**Task requirements**:
Please set down each of the lines below once more, exactly, omitting all pictures.

**Records for the task**:

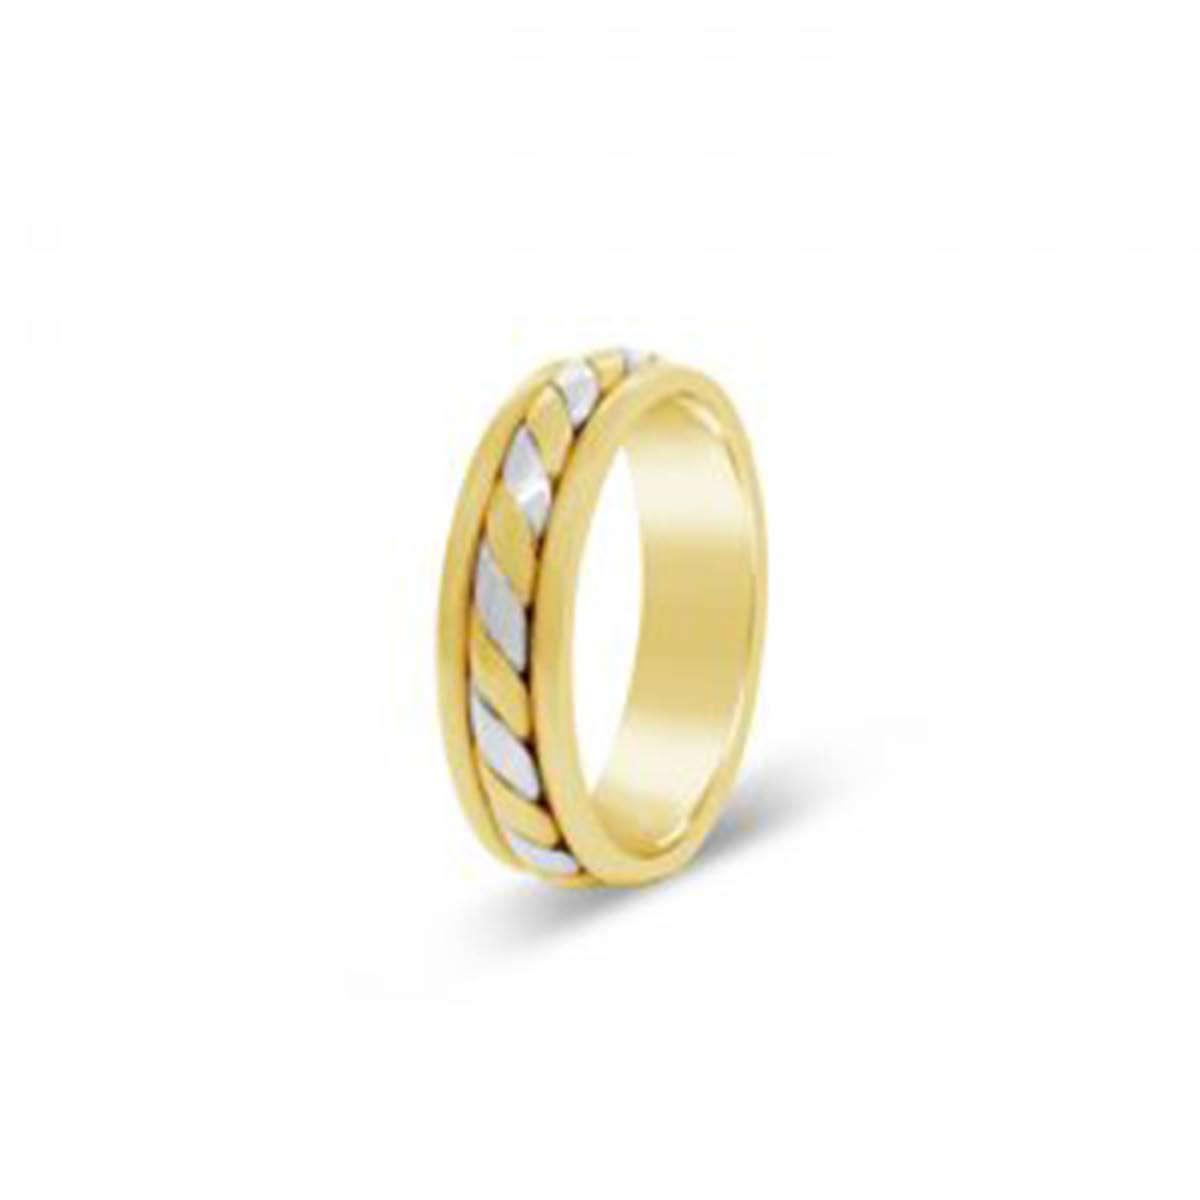 86969efcc6a4 Comprar Anillos de boda en San Bernardo - Ofertas y tiendas - Ofertia
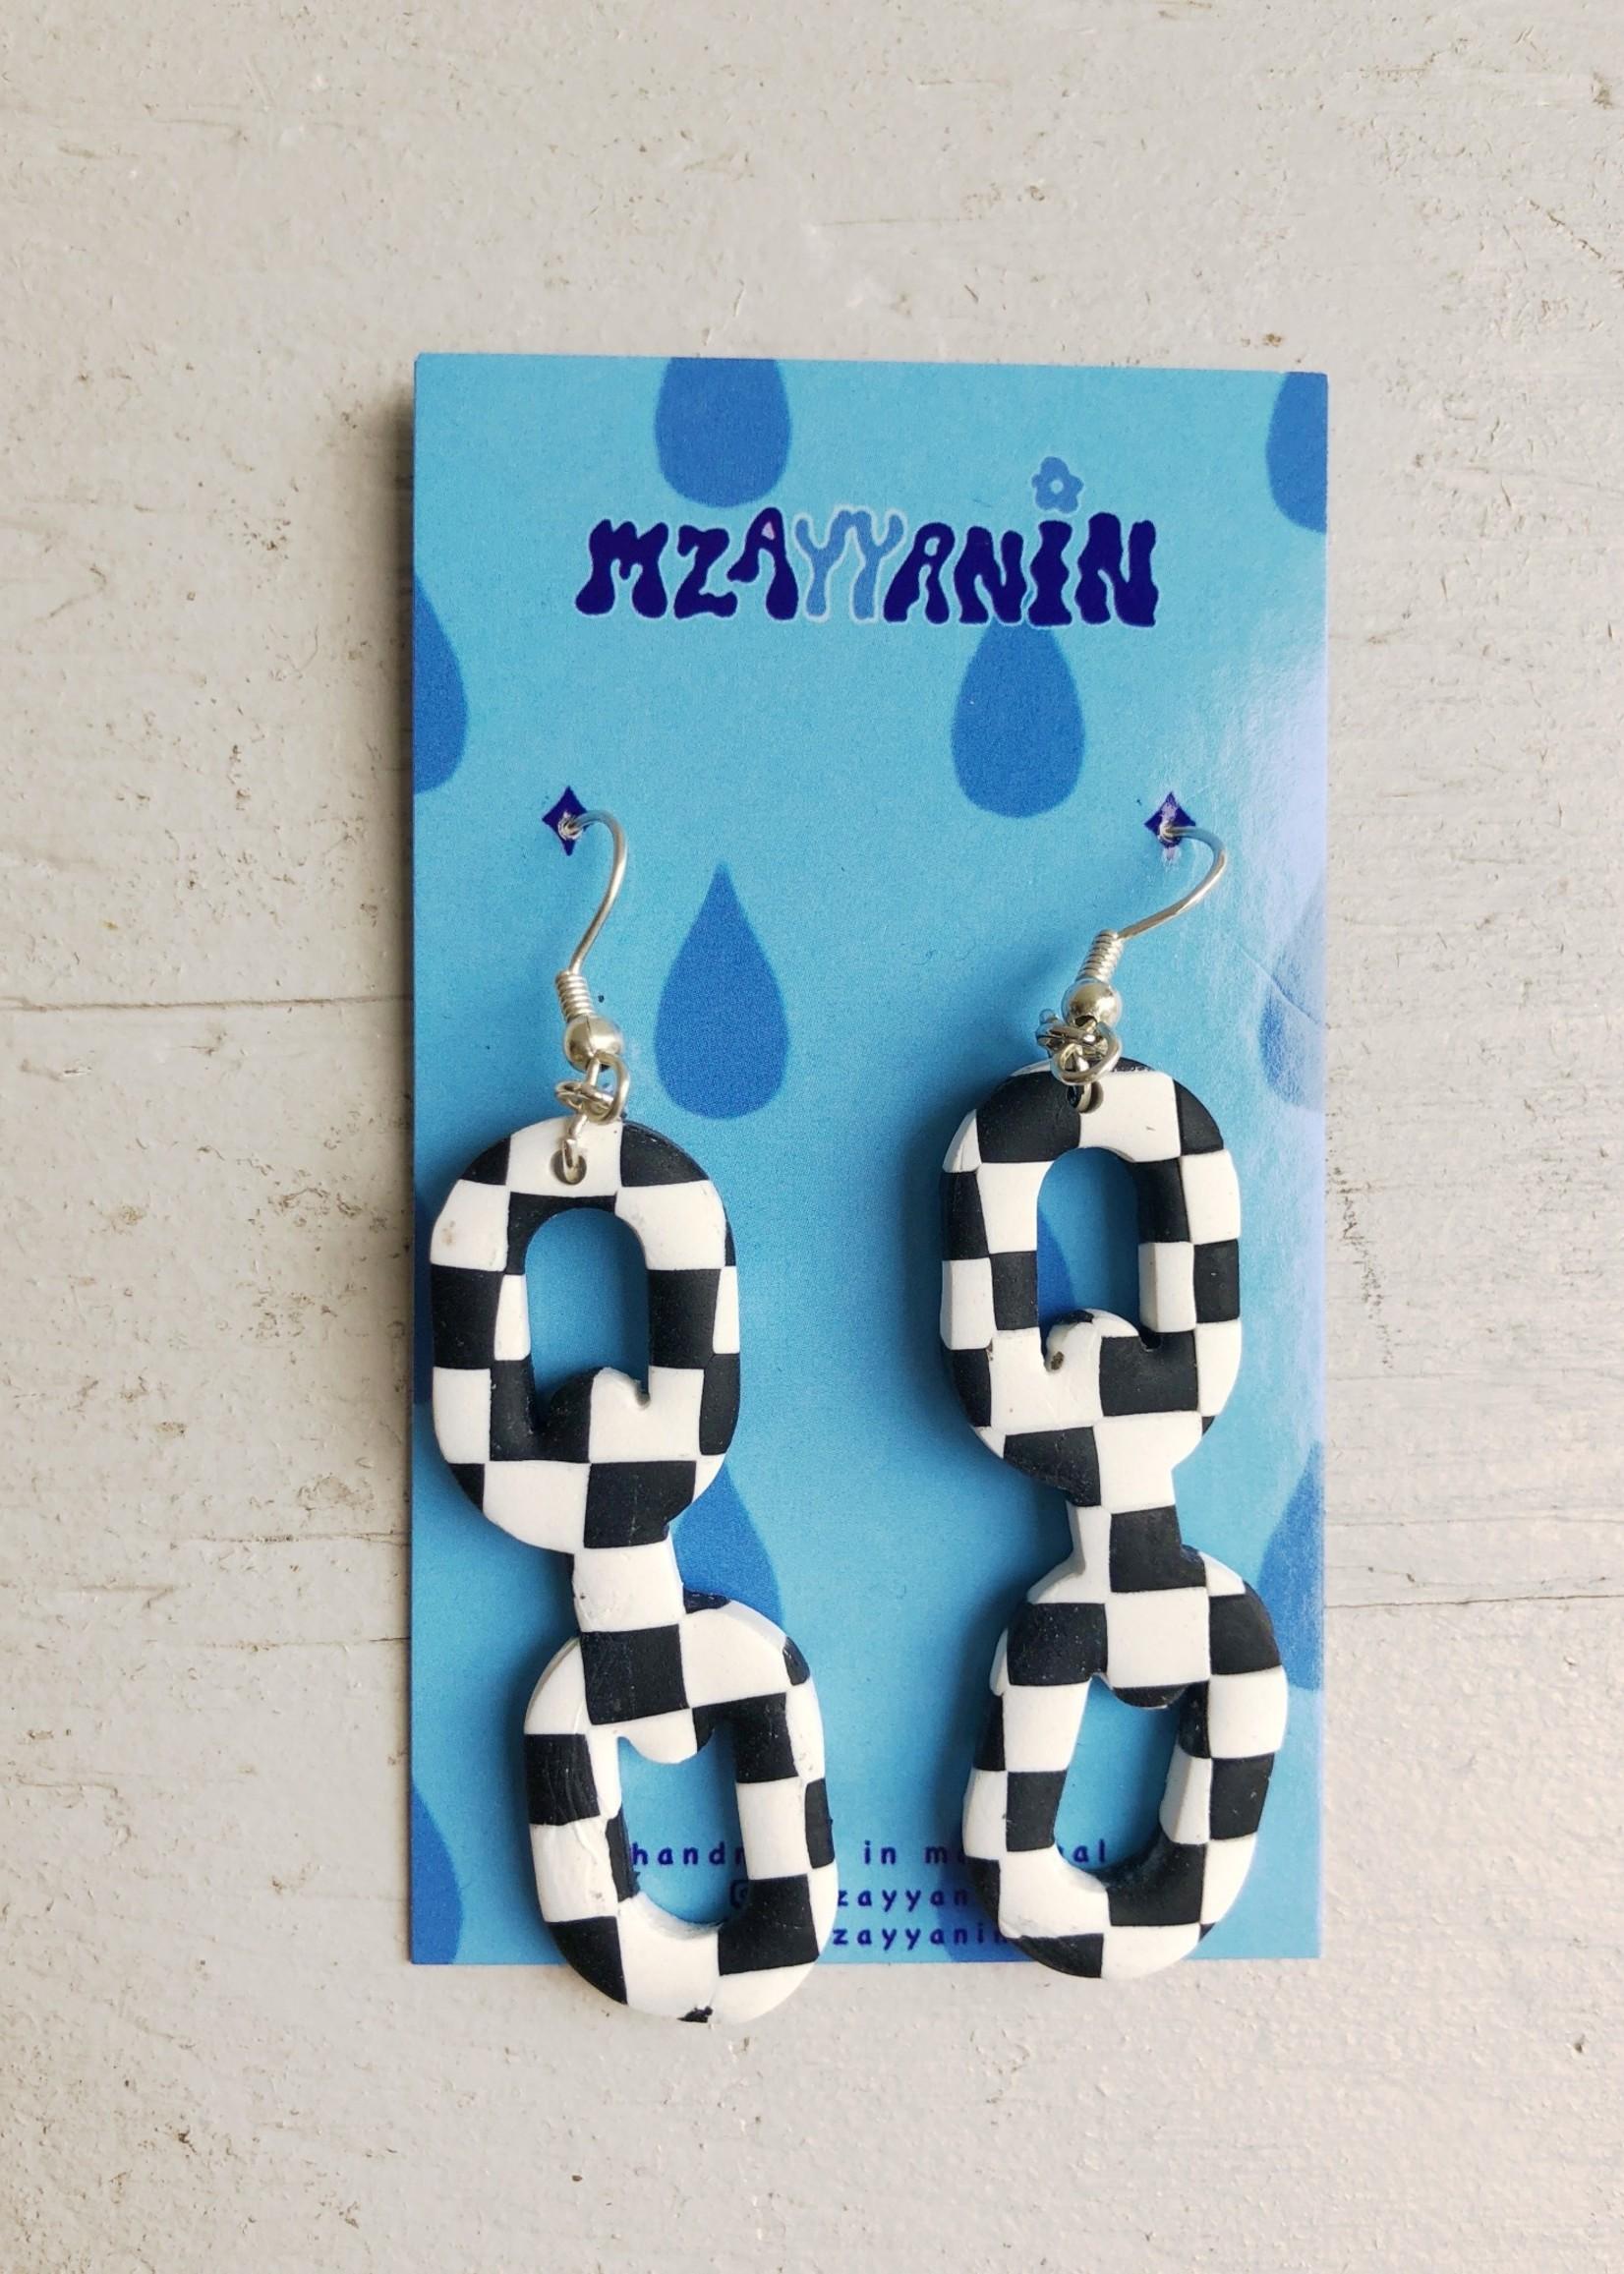 Mzayyanin Chain Check Earrings by Mzayyanin
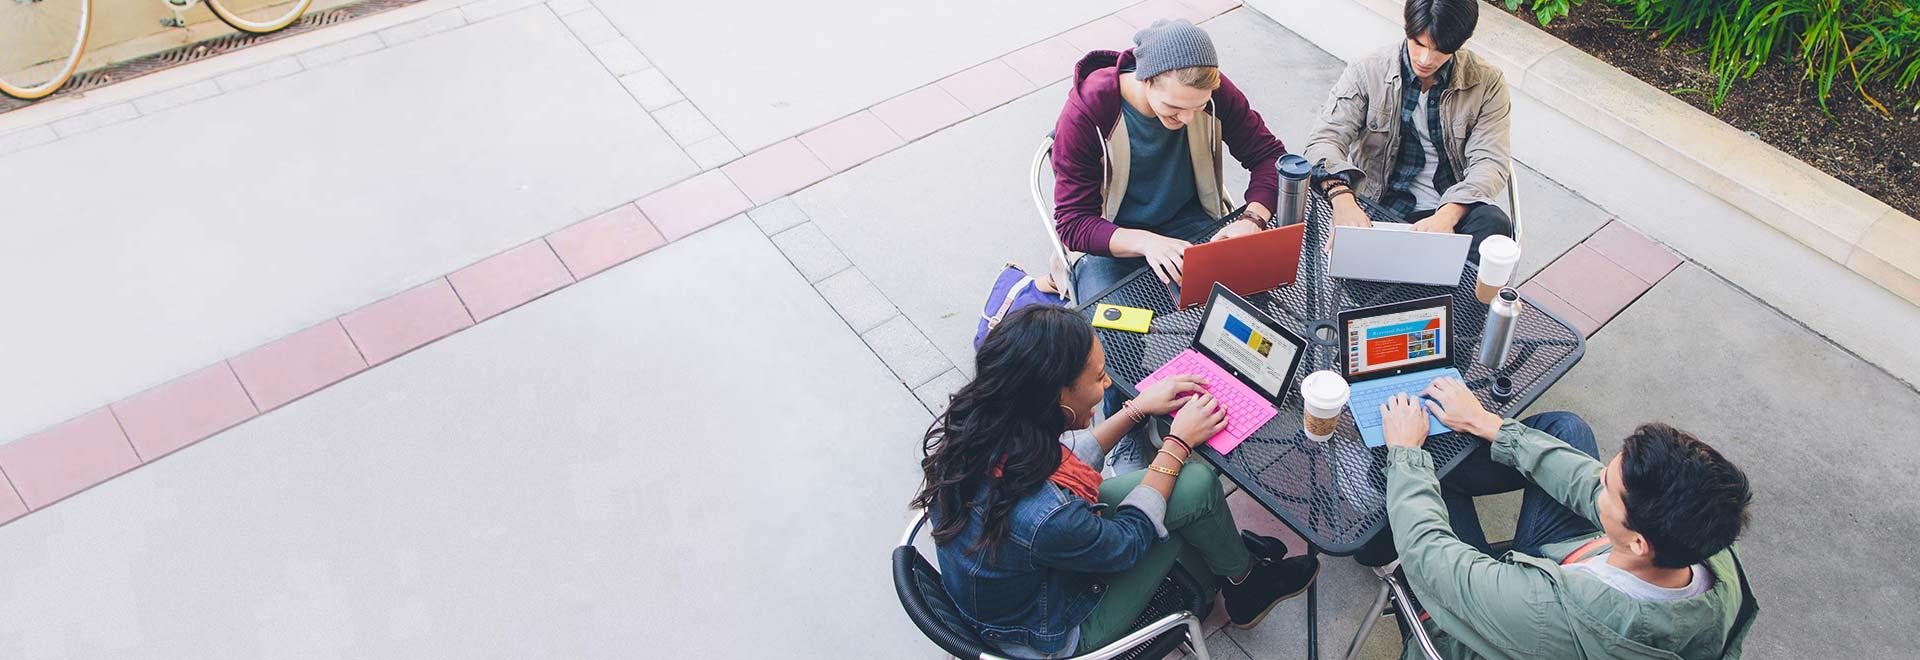 Bốn học viên đang ngồi tại một bàn ở bên ngoài, sử dụng Office 365 for Education trên máy tính bảng.
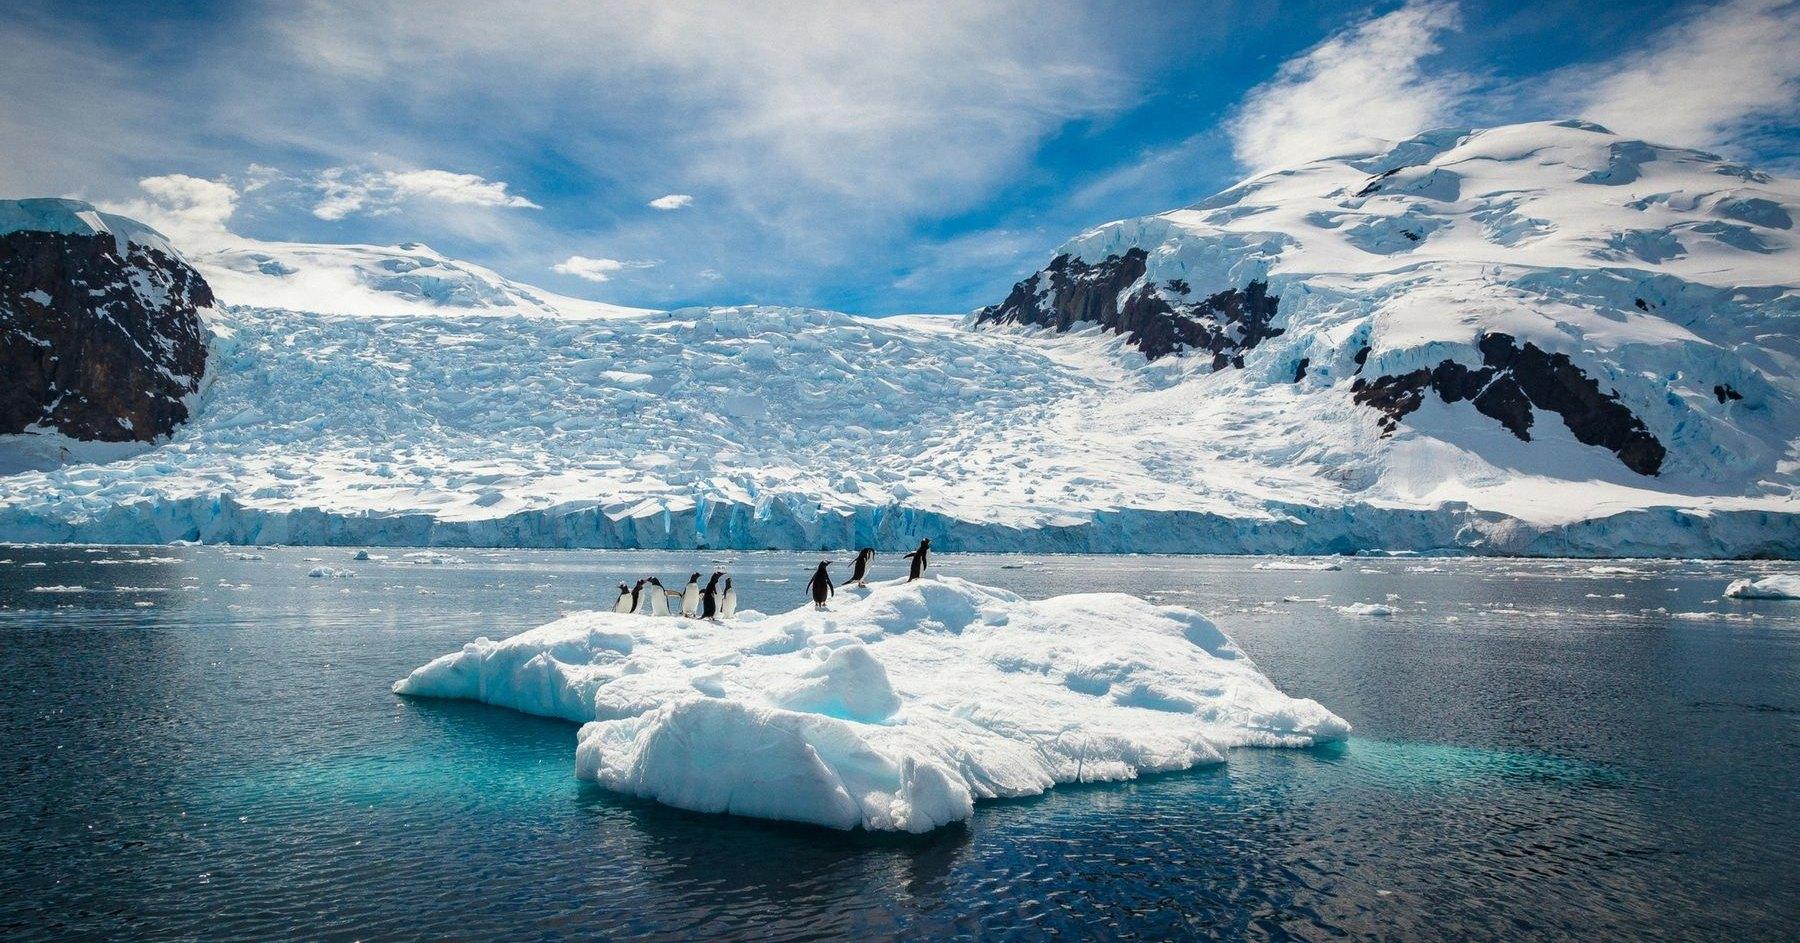 Обнаружен источник тепла под Антарктидой: лёд тает изнутри
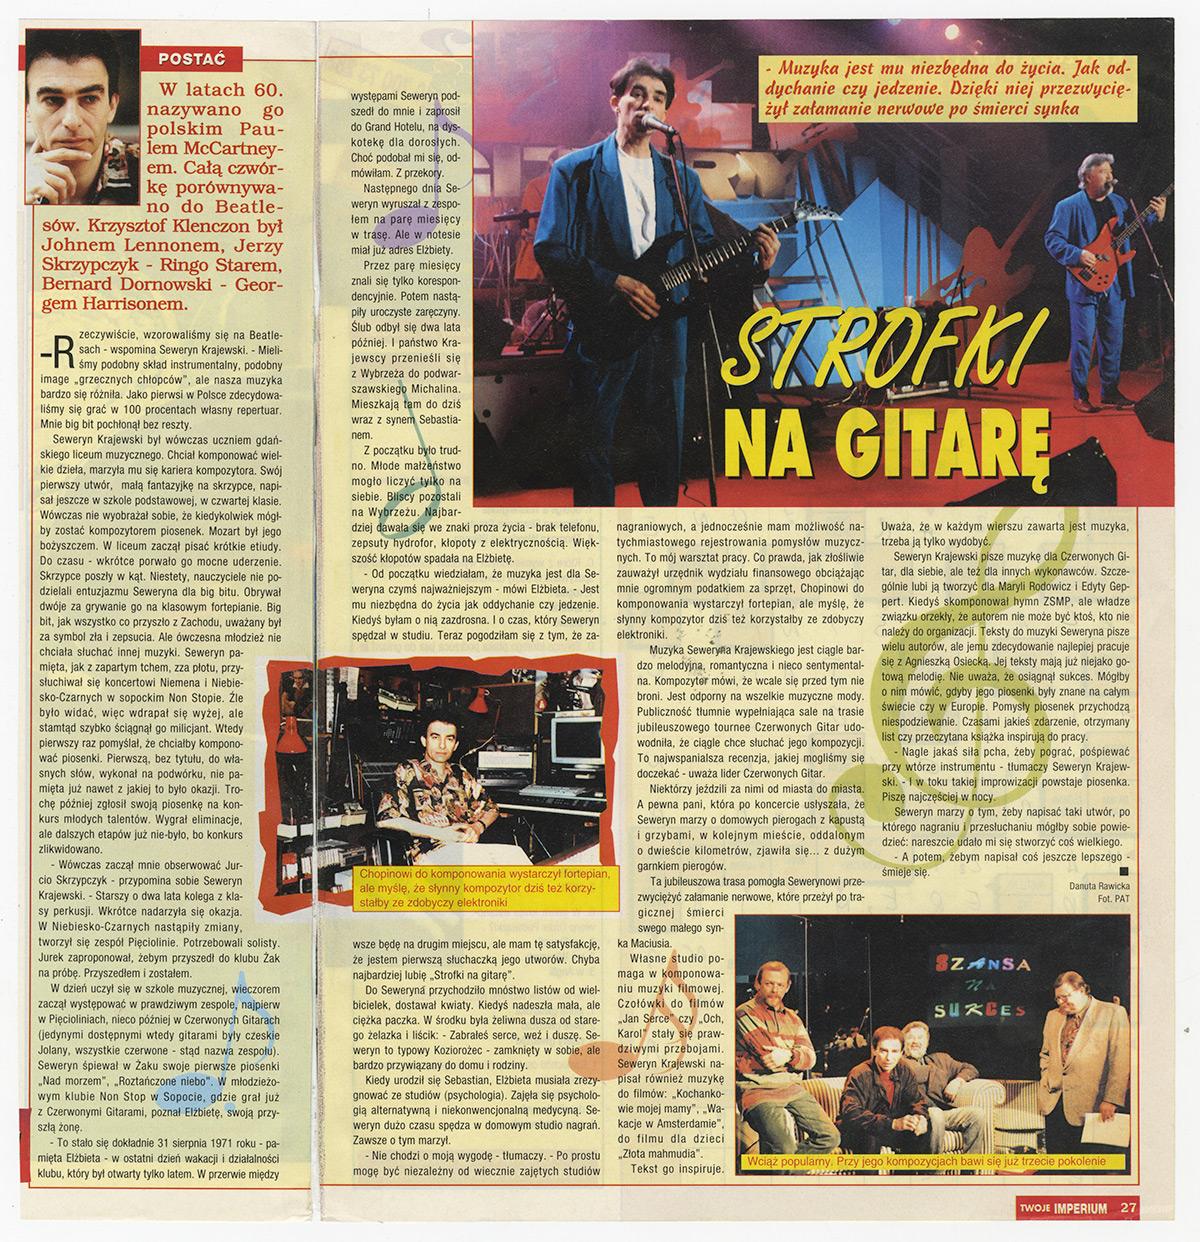 1991-2003-Strofki_na_gitare

**Result for this task**:
 86969efcc6a4 Comprar Anillos de boda en San Bernardo - Ofertas y tiendas - Ofertia
 Mzayyanin Chain Check Earrings by Mzayyanin
 Bốn học viên đang ngồi tại một bàn ở bên ngoài, sử dụng Office 365 for Education trên máy tính bảng.
 Обнаружен источник тепла под Антарктидой: лёд тает изнутри
 1991-2003-Strofki_na_gitare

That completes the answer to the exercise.